RECORD SET
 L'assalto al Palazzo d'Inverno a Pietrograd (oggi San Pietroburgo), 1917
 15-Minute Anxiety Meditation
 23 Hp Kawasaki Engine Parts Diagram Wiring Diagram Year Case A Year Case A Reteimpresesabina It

...

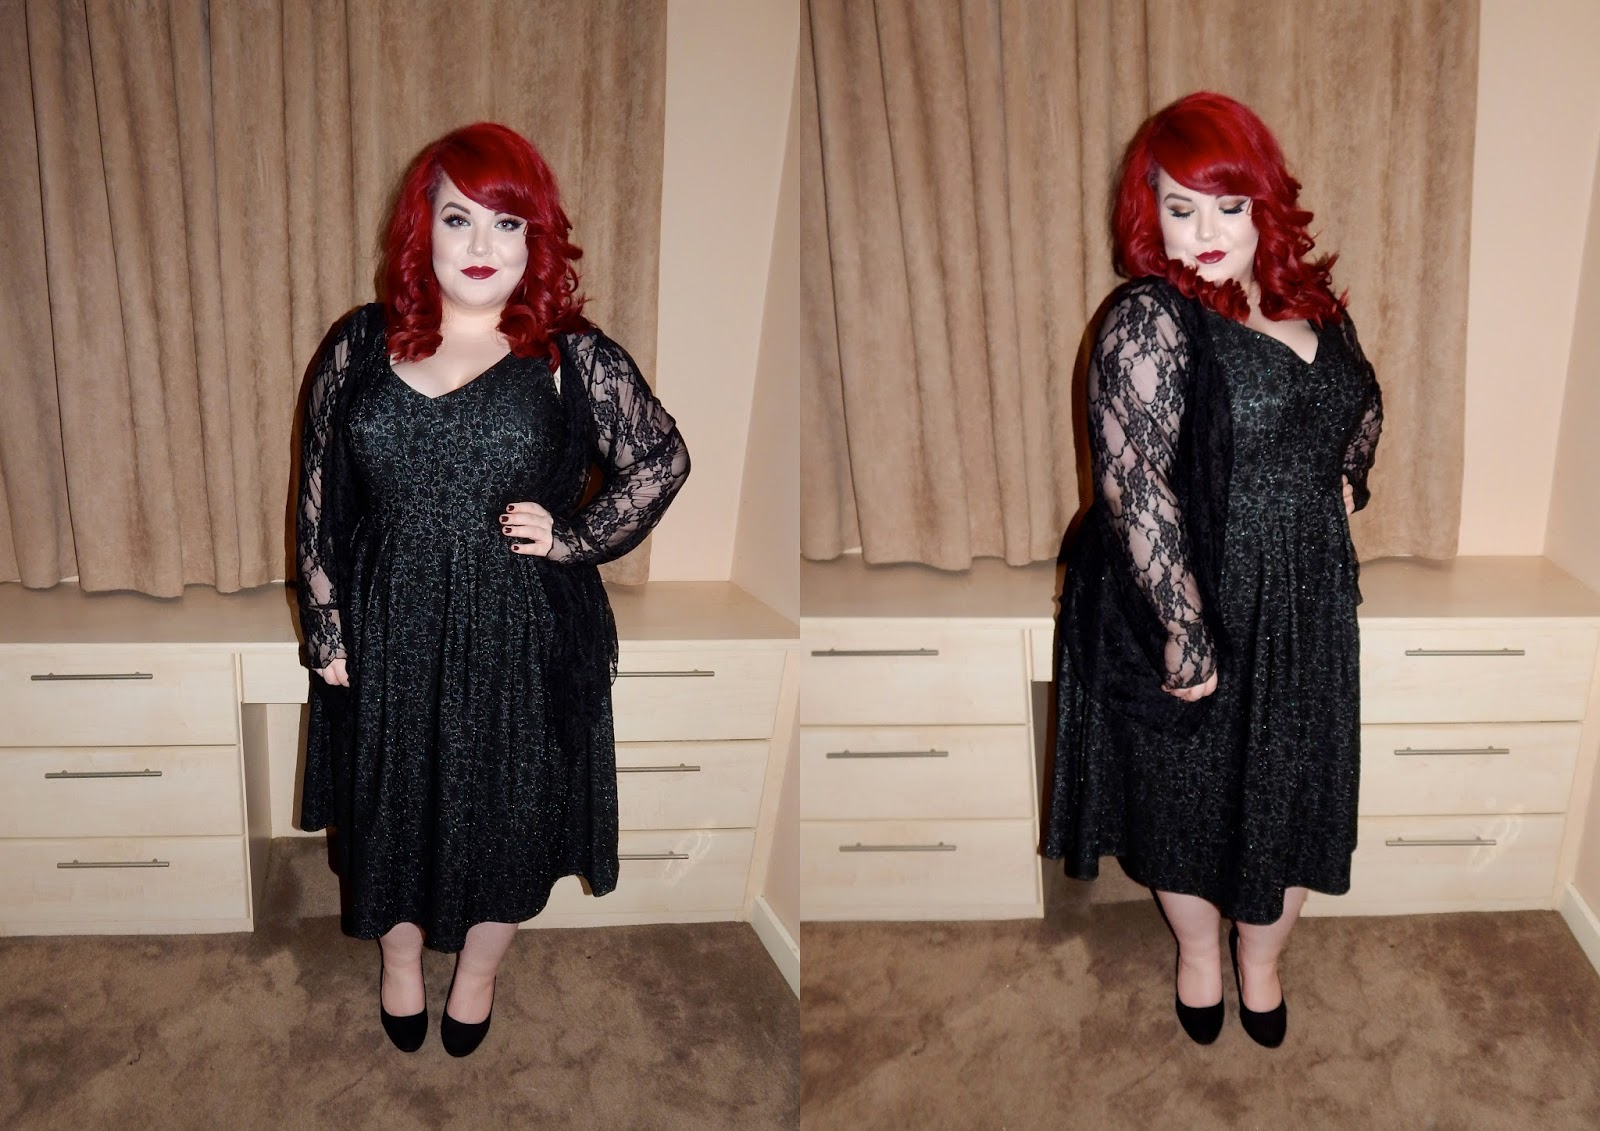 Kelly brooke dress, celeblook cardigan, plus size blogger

DESCRIPTION OF THE TASK
Reproduce exactly the lines of the records above from the one with "L'assalto al Palazzo" to the one with "23 Hp Kawasaki", both included, and leave out everything else.

ANSWER SPACE
 L'assalto al Palazzo d'Inverno a Pietrograd (oggi San Pietroburgo), 1917
 15-Minute Anxiety Meditation
 23 Hp Kawasaki Engine Parts Diagram Wiring Diagram Year Case A Year Case A Reteimpresesabina It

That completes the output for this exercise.